_About this exercise_
Would you transcribe the records below from the line with "Dragons of Wonderhatch Filming Locations" to the line with "Stedentrip naar Bonn: verrassend anders", ends included, exactly and with nothing more, leaving the pictures out?

_Data provided_
_ _ _ _ _ _ _
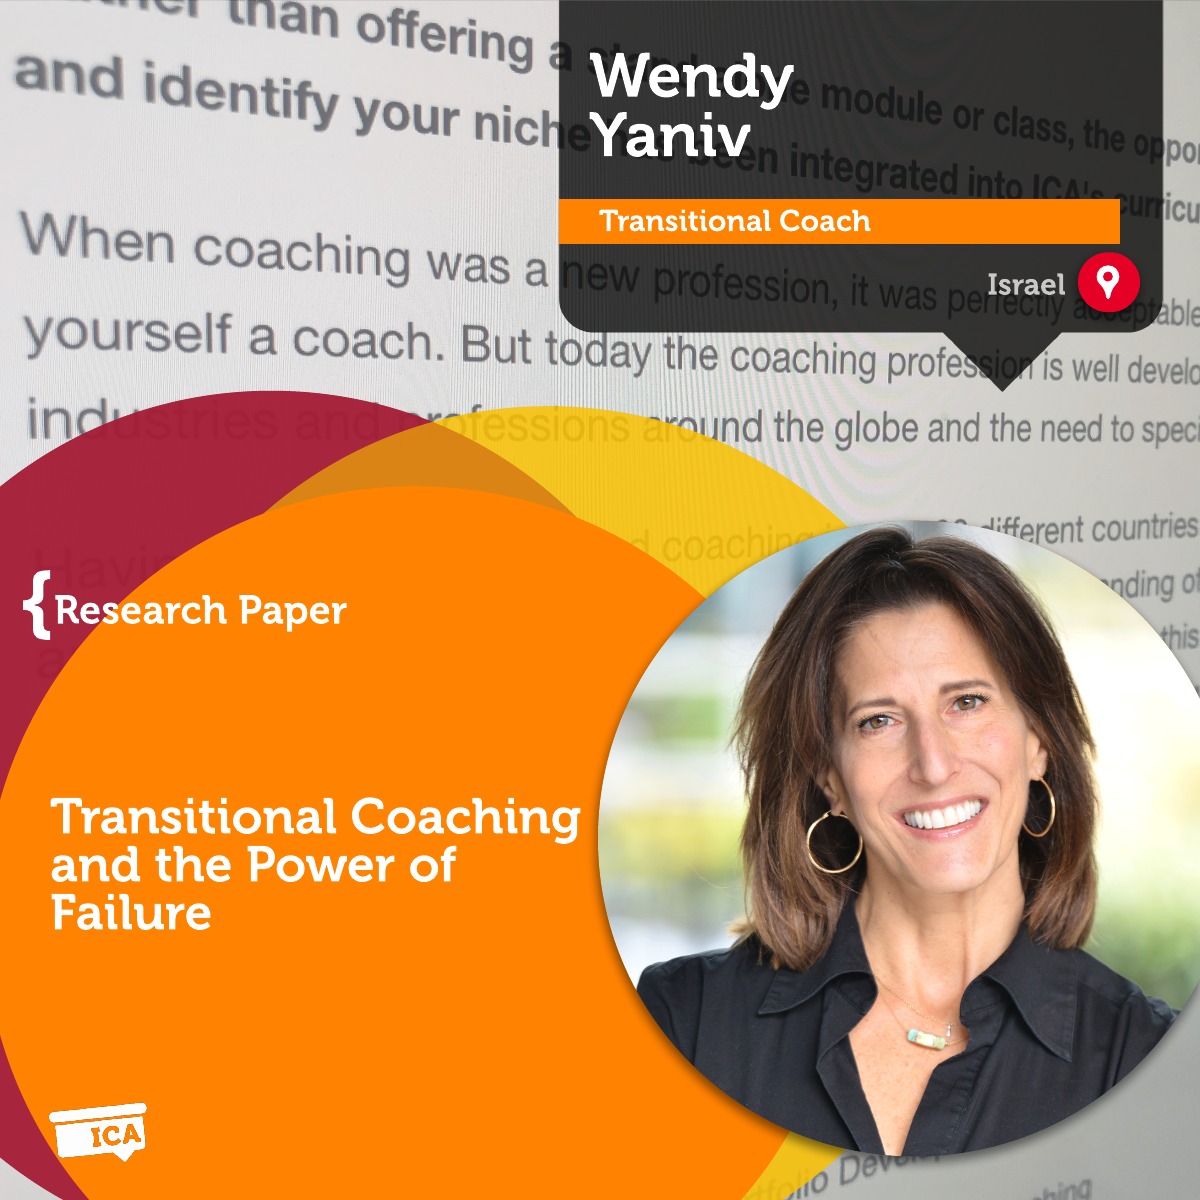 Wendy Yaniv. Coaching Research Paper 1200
_ _ _ _ _ _ _
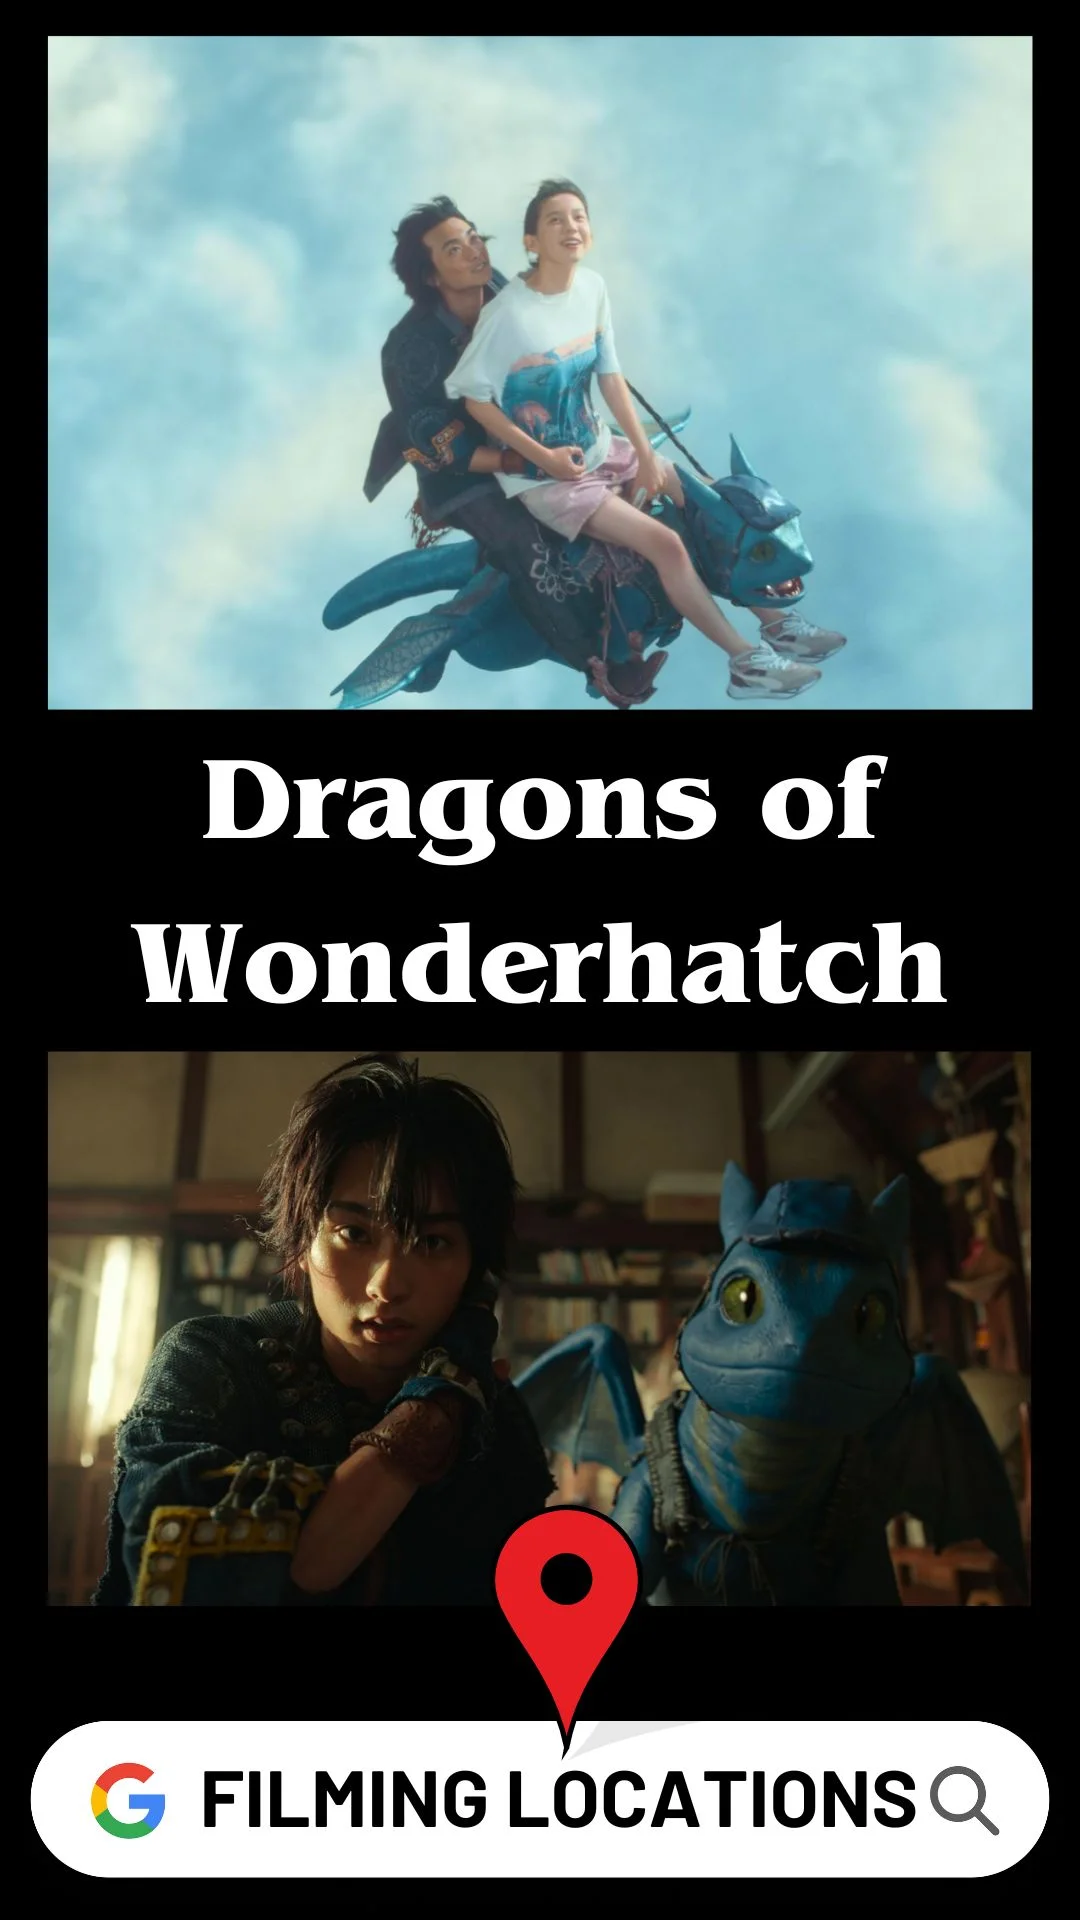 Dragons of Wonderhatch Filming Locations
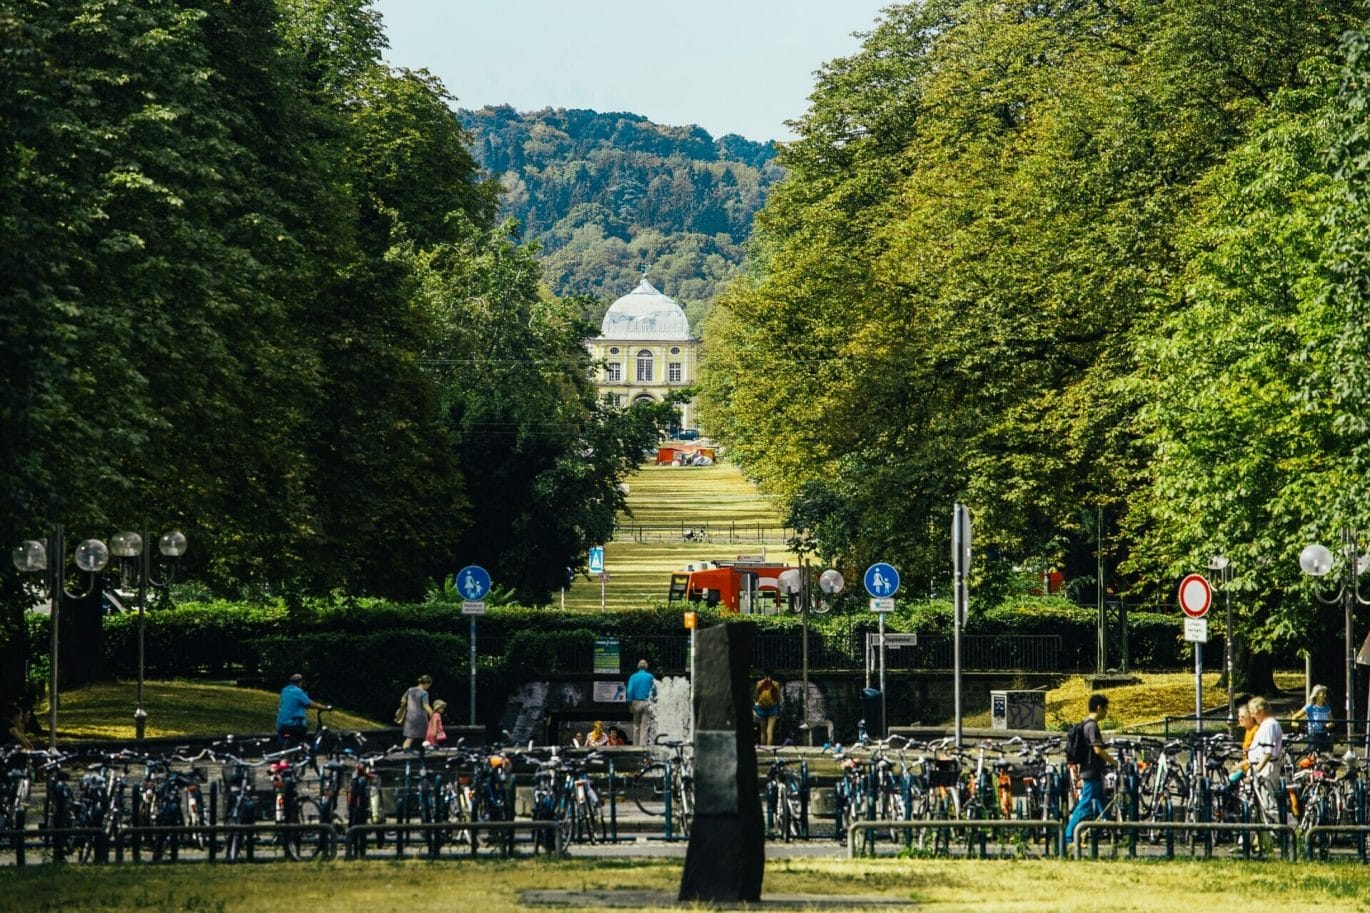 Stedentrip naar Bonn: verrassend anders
_ _ _ _ _ _ _
_Output_
 Dragons of Wonderhatch Filming Locations
 Stedentrip naar Bonn: verrassend anders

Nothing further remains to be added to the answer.